Activity: Retype the data below exactly; skip every image.

Material provided:
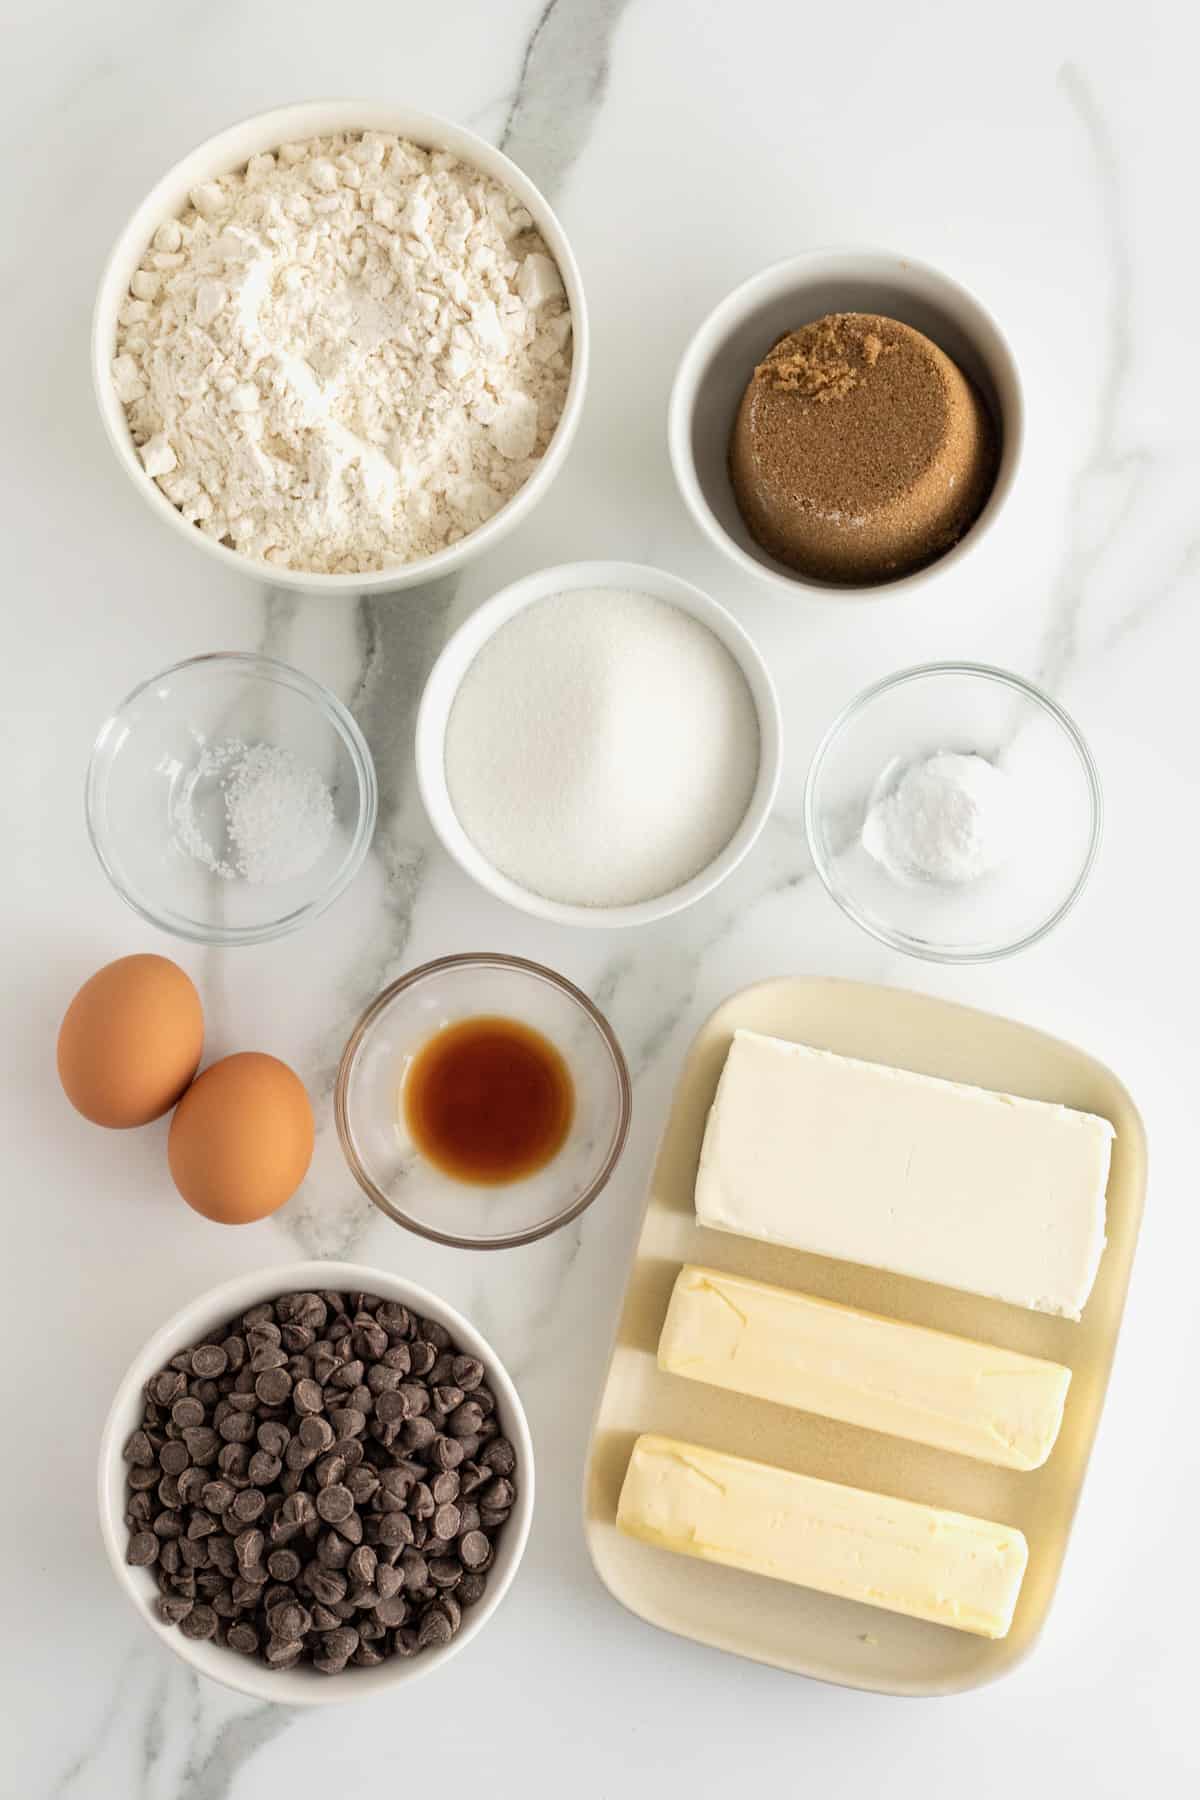 Ingredients for Sheet Pan Chocolate Chip Cookie Bars by The BakerMama
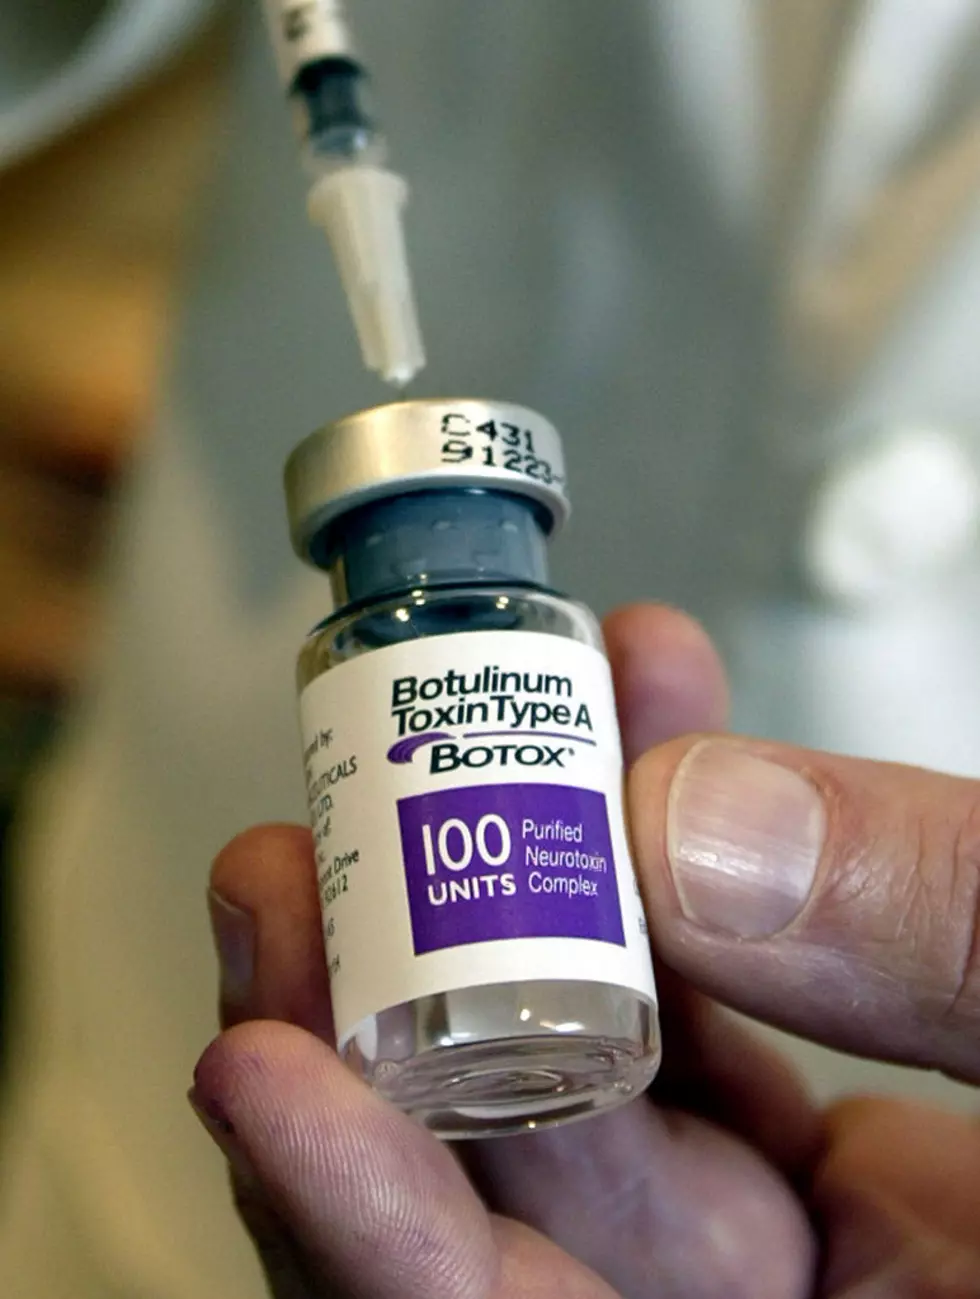 Counterfeit Botox In Texas Sending People To The Hospital
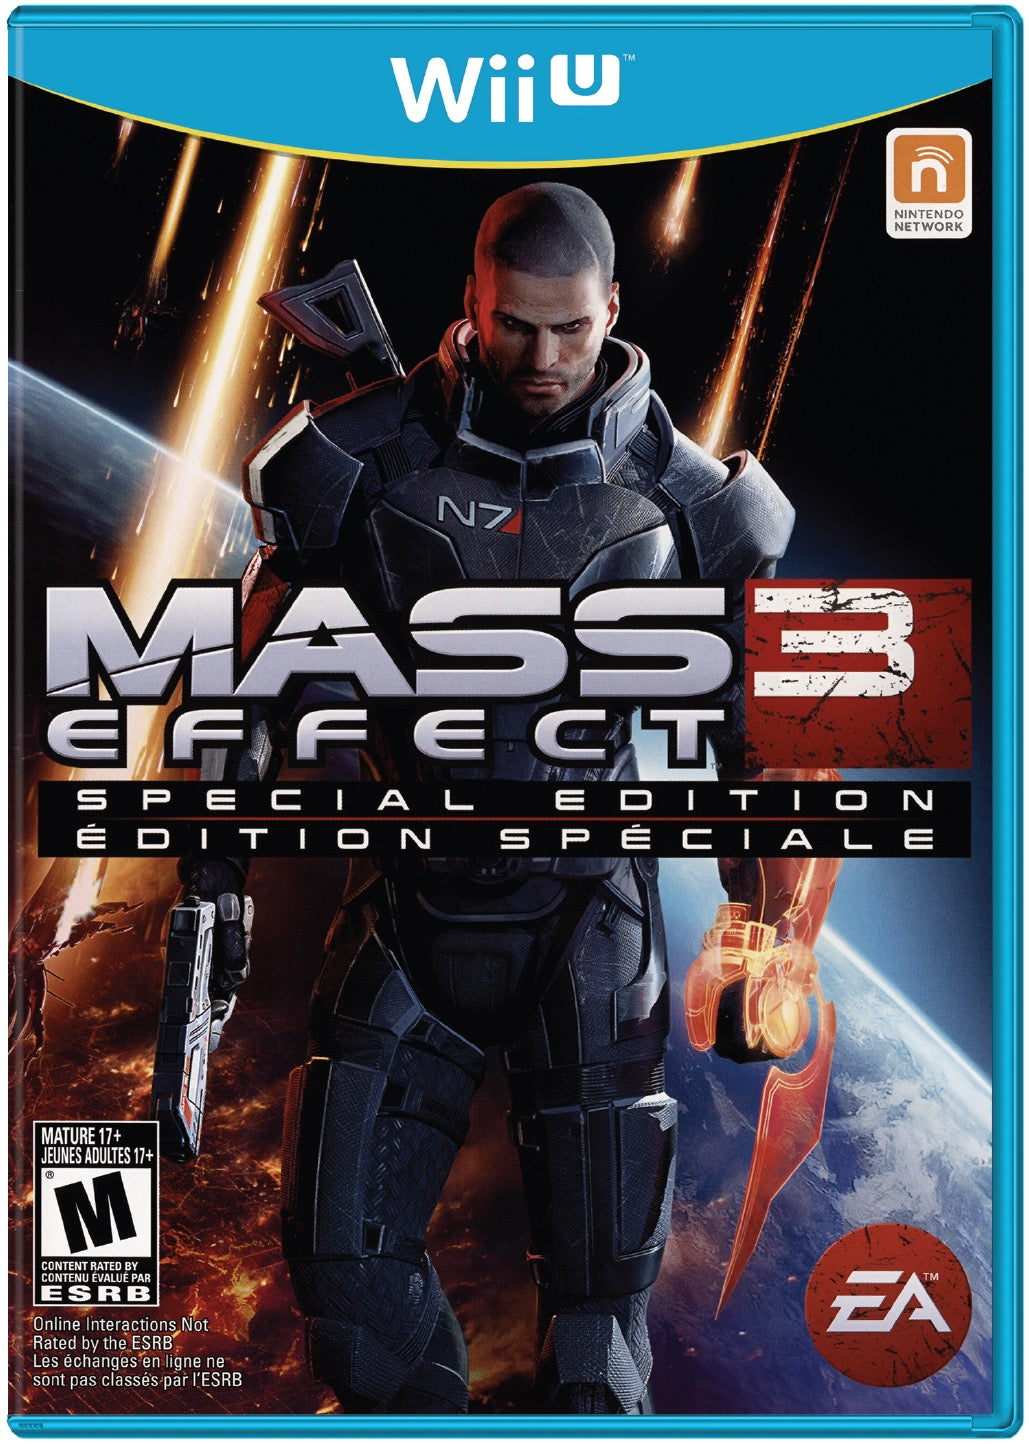 Mass Effect 3 Cover Art and Product Photo
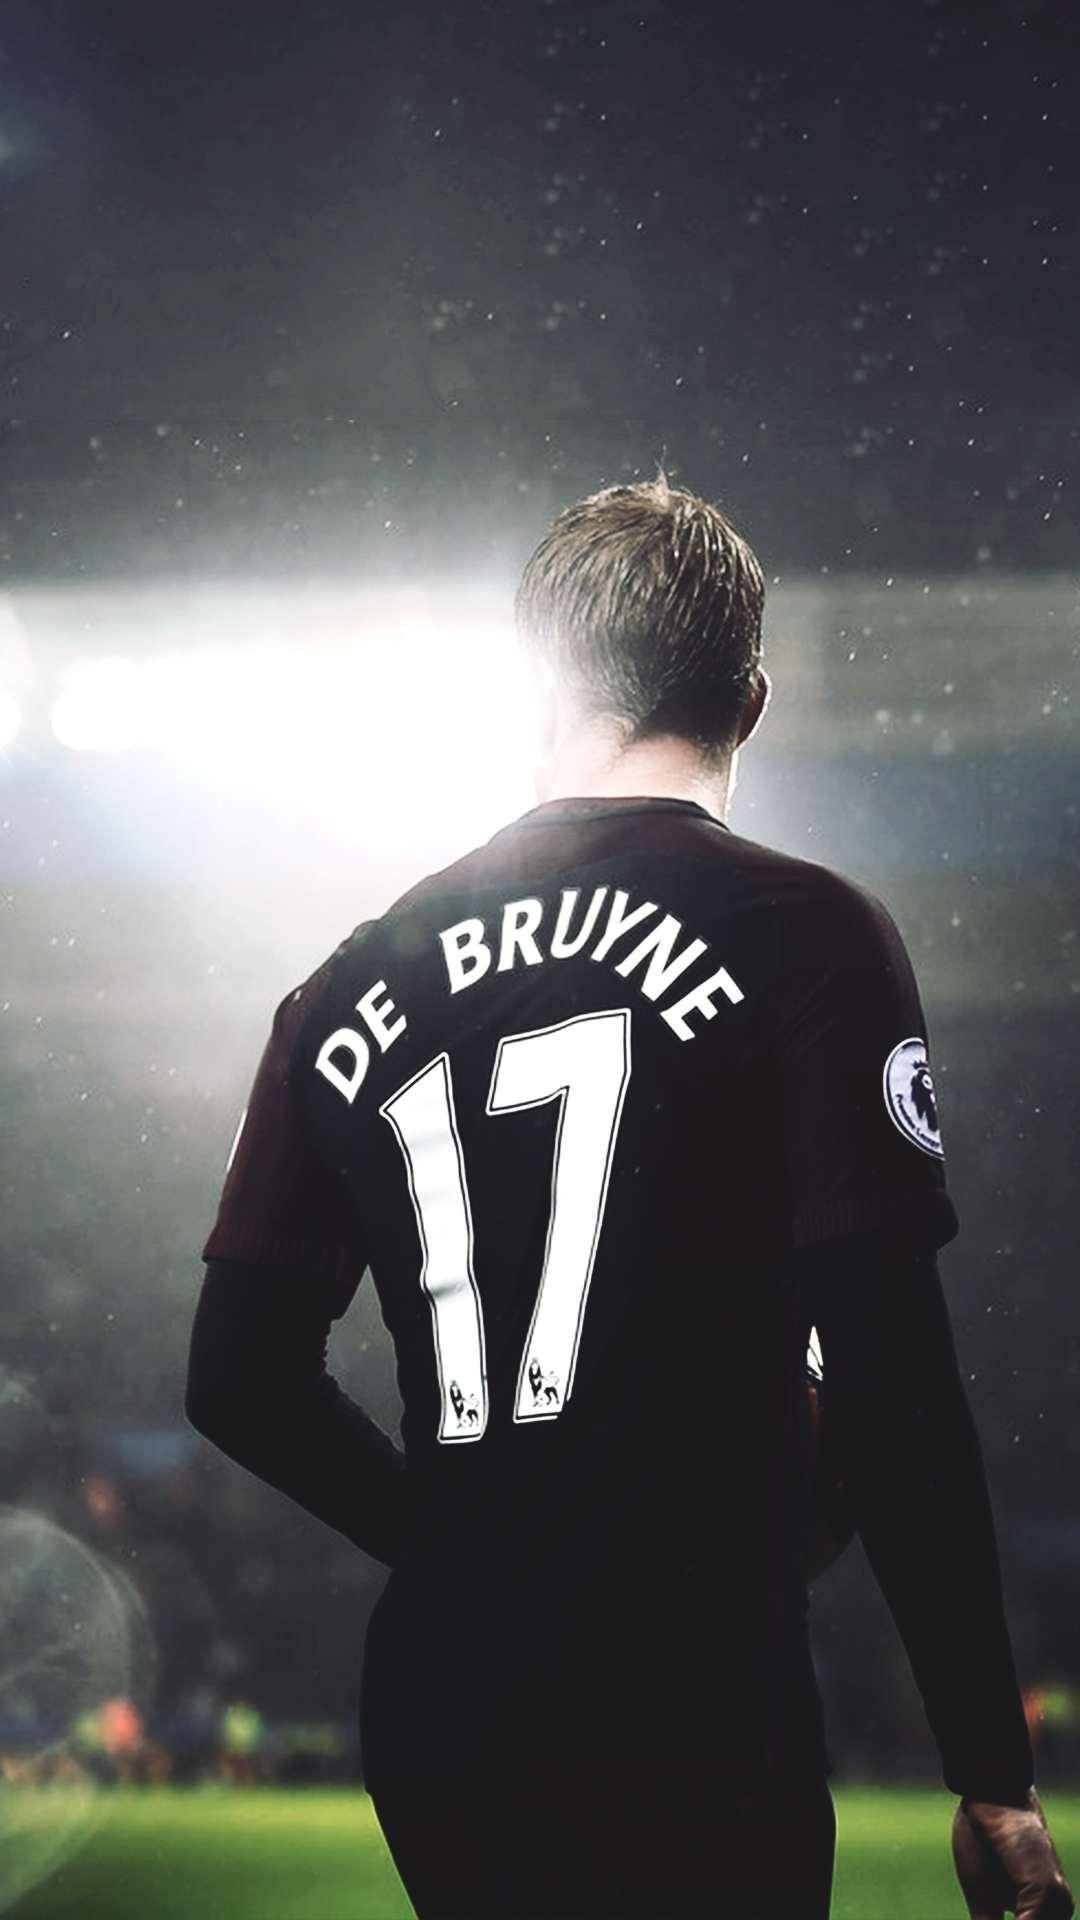 Kevin De Bruyne wallpapers, Android APK download, Manchester City logo, Manchester City football club, 1080x1920 Full HD Phone

Answer to the exercise:
 Ingredients for Sheet Pan Chocolate Chip Cookie Bars by The BakerMama
 Counterfeit Botox In Texas Sending People To The Hospital
 Mass Effect 3 Cover Art and Product Photo
 Kevin De Bruyne wallpapers, Android APK download, Manchester City logo, Manchester City football club, 1080x1920 Full HD Phone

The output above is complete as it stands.